En este artículo, se describen las etapas consecutivas de la recolección de muestras y la preparación para el método RIBO-seq en bacterias, destacando los detalles relevantes para la planificación y ejecución del experimento.
Puesto que el RIBO-seq confía en los ribosomas intactos y los mRNAs relacionados, el paso dominante es la inhibición rápida de la traducción y la desintegración adecuada de células. Por lo tanto, sugerimos la filtración y la congelación flash en nitrógeno líquido para la recolección celular con un pretratamiento opcional con cloranfenicol para detener la traducción en bacterias. Para la desintegración, proponemos moler las células congeladas con mortero y pestle en presencia de óxido de aluminio para alterar mecánicamente la pared celular. En este protocolo, no se requiere un cojín de sacarosa o una ultracentrifugación de gradiente de sacarosa para la purificación del monosoma. En lugar, la separación del mRNA usando la electroforesis del gel de la poliacrilamida (PÁGINA) seguida por la supresión ribosómica de la huella (venda de 28-30 nt) se aplica y proporciona resultados satisfactorios. Esto simplifica en gran medida el método, así como reduce los requisitos de tiempo y equipo para el procedimiento. Para la preparación de la biblioteca, recomendamos usar el pequeño kit de ARN disponible comercialmente para la secuenciación de Illumina de New England Biolabs, siguiendo las pautas del fabricante con cierto grado de optimización.

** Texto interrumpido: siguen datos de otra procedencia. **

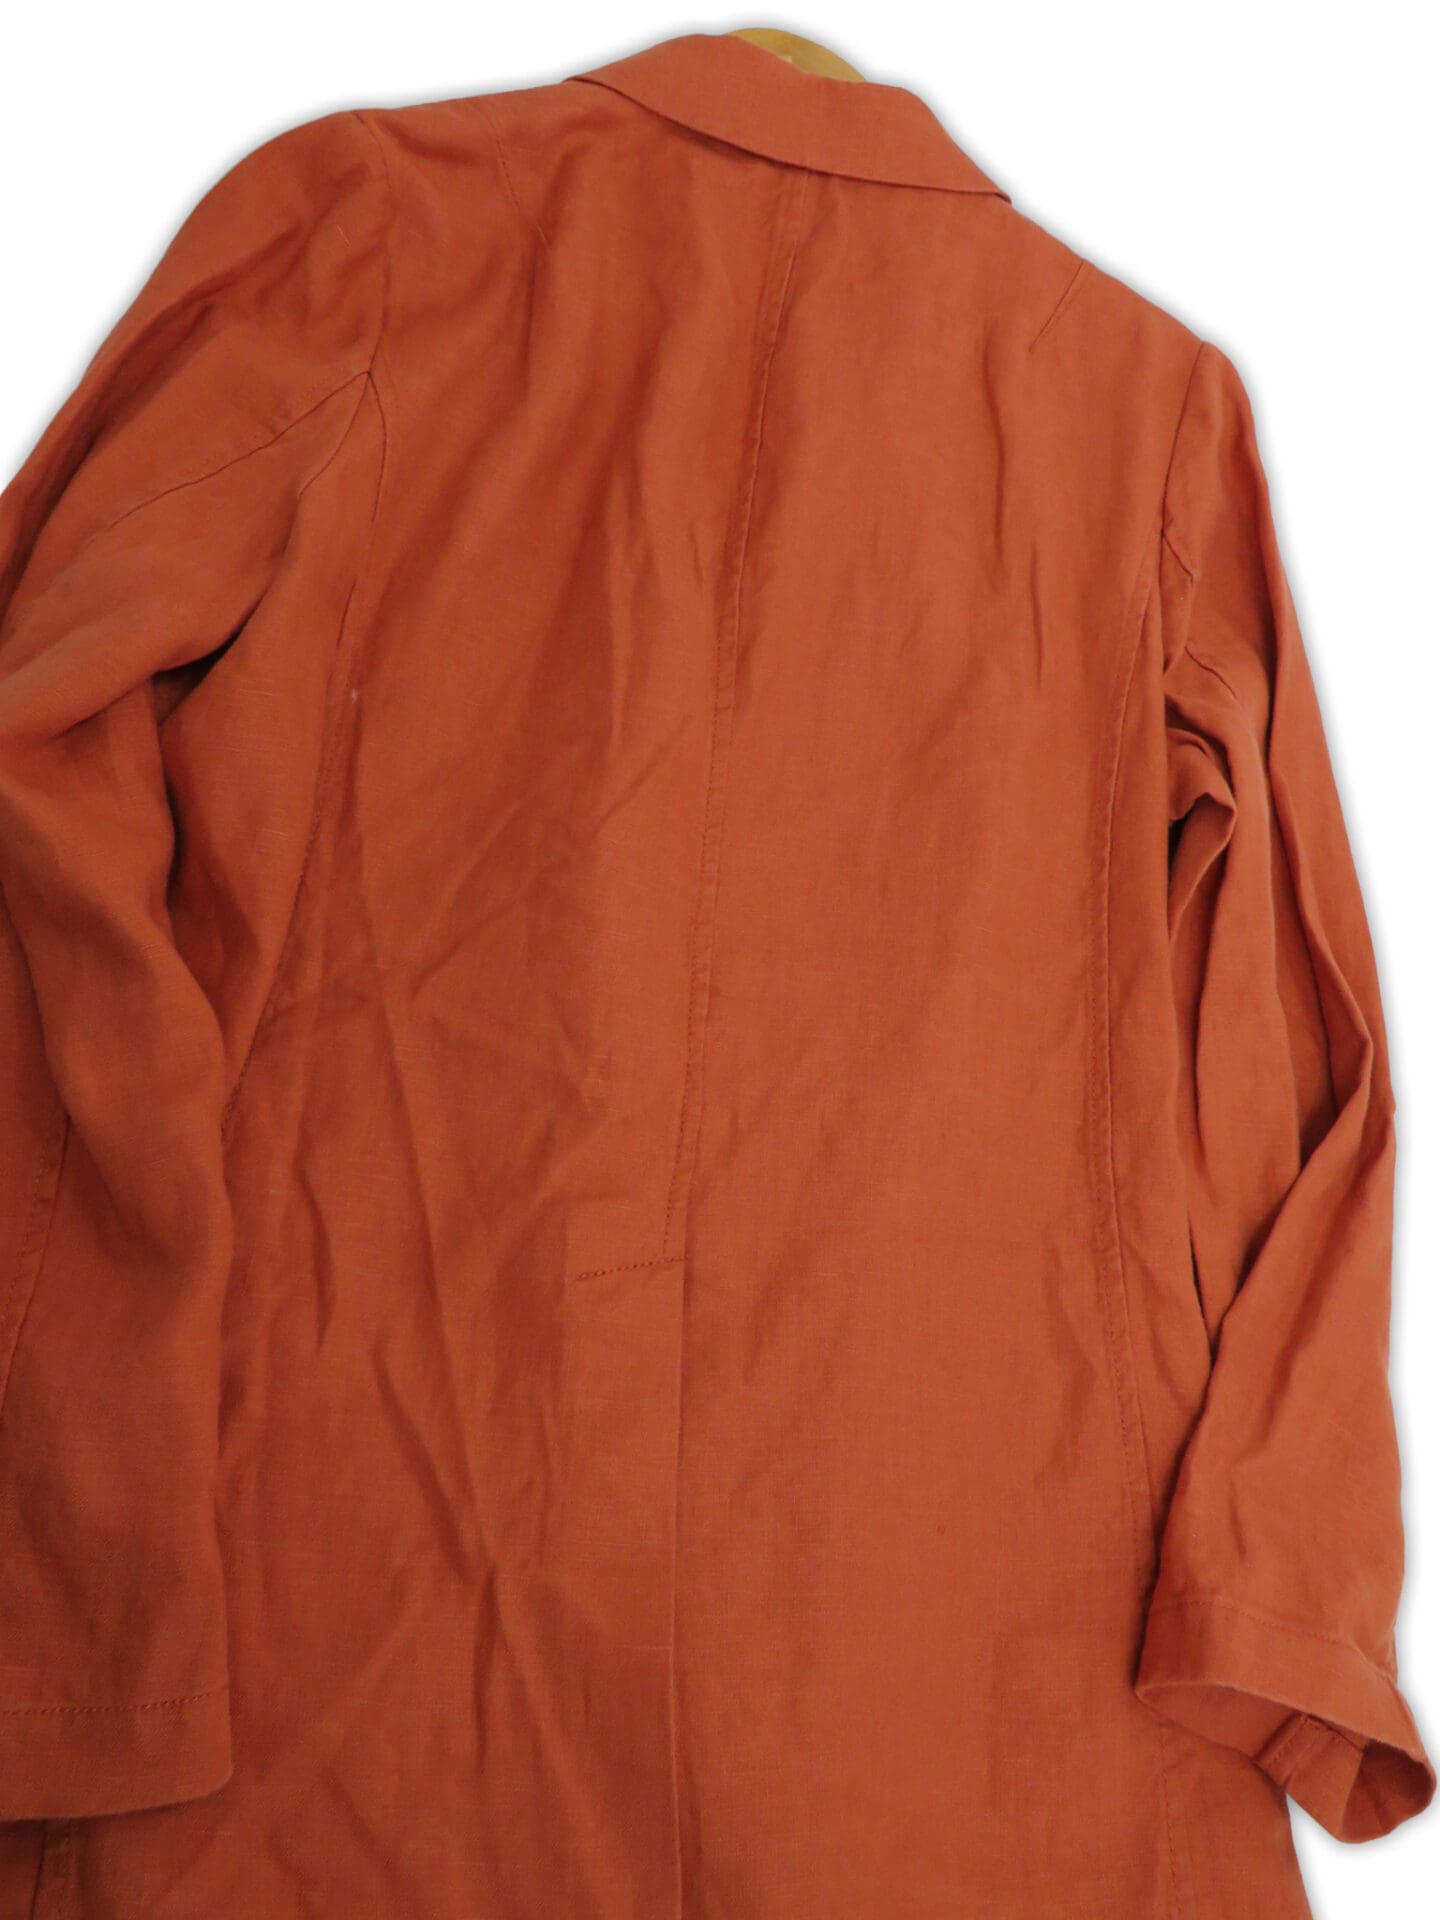 Orange linen women's loose fitting blazer

Las bibliotecas de ADNc resultantes presentan la cantidad y calidad adecuadas requeridas para la secuenciación de próxima generación (NGS). La secuenciación de las bibliotecas preparadas de acuerdo con el protocolo descrito da como resultado de 2 a 10 mln lecturas mapeadas de forma única por muestra, lo que proporciona datos suficientes para un análisis bioinformático exhaustivo. El protocolo que presentamos es rápido y relativamente fácil y se puede realizar con equipos de laboratorio estándar.